Managing Unknowns in IT

Running a business is challenging and there are many unknowns, and if you are not careful, they will catch you at the most inopportune moments.  Join our discussion of how “Blind Spots” can disrupt your ability to manage the risks found within Information Technology.

Define Not Only Your Organizational Structure But Responsibilities Too

Proper Planning Prevents Poor Performance

~ From the 5P’s of Success

The Full Scoop

Originally published through the Tampa Bay Business Journal Leadership Trust

Running a business has often been compared to running a marathon. You can sprint for a time, but you soon realize that this is going to be a long, hard-fought race, and it is best to pace yourself. On your journey, you will face a variety of challenges and opportunities. The terrain will vary, and it quickly becomes impossible to take in all the sights or to preempt the variety of surprises you will face.

Blind spots can catch you off guard and unaware. Blind spots are those situations you just did not see coming. An occasional blind spot here and there is to be expected, but if you find that you are often caught off guard, you need to assess why that’s happening. Sometimes a blind spot can be chalked up to a learning experience, and at other times you need to recognize it was due to a lack of experience. Whatever the reason you did not see something coming, making a commitment to ongoing learning and growth is crucial to your continued success.

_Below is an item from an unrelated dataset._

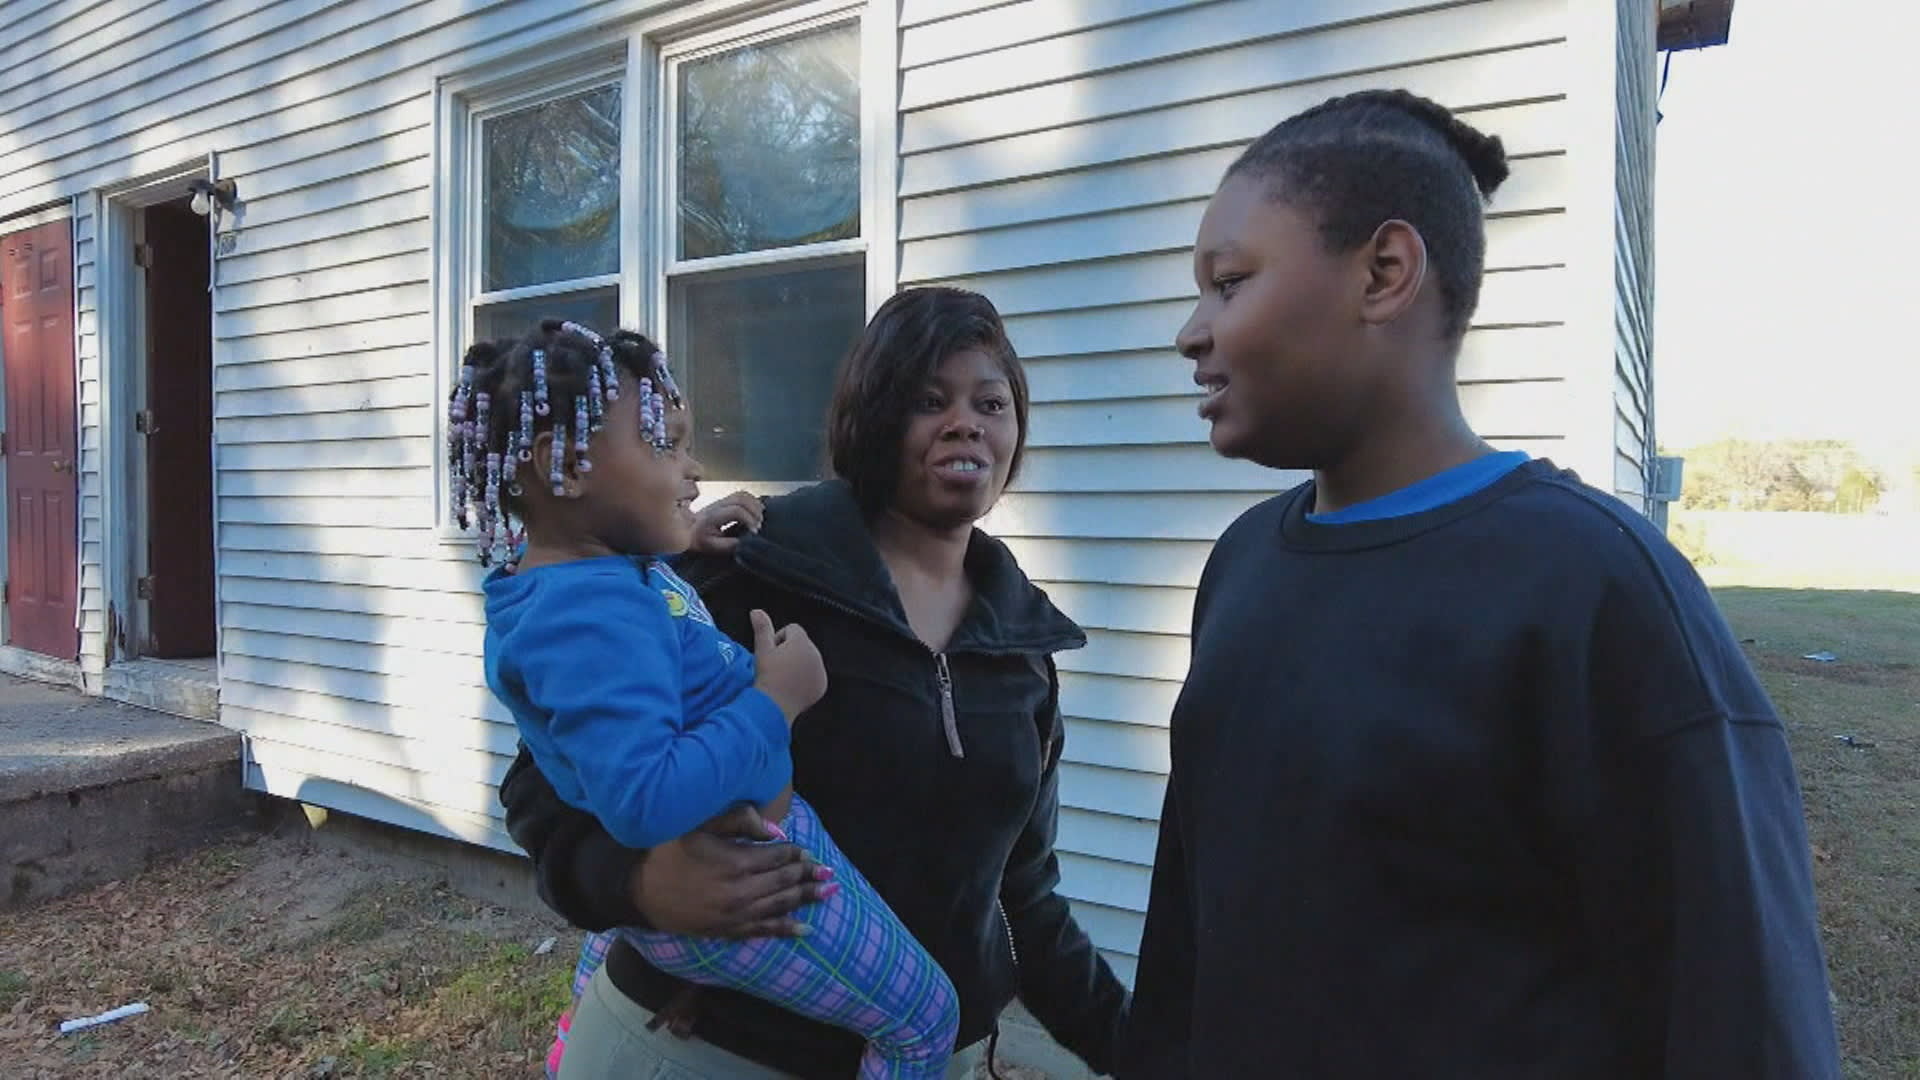 Chlapec z Marylandu zachránil dvouletou sestru z hořícího domu.

Cybersecurity is one of those functional areas that often takes business owners by surprise. I have heard more than a few business owners who were experiencing system outages say that it could not have happened at a worse time. Few businesses exist in our society that are not deeply dependent on technology, yet few have grasped the importance of treating technology as a foundational pillar within their respective operations. If you are not convinced of the importance of IT in your business, imagine going a day without internet access. IT governance and the acceptance of it as an executive priority is especially important with the many technological threat vectors that exist today.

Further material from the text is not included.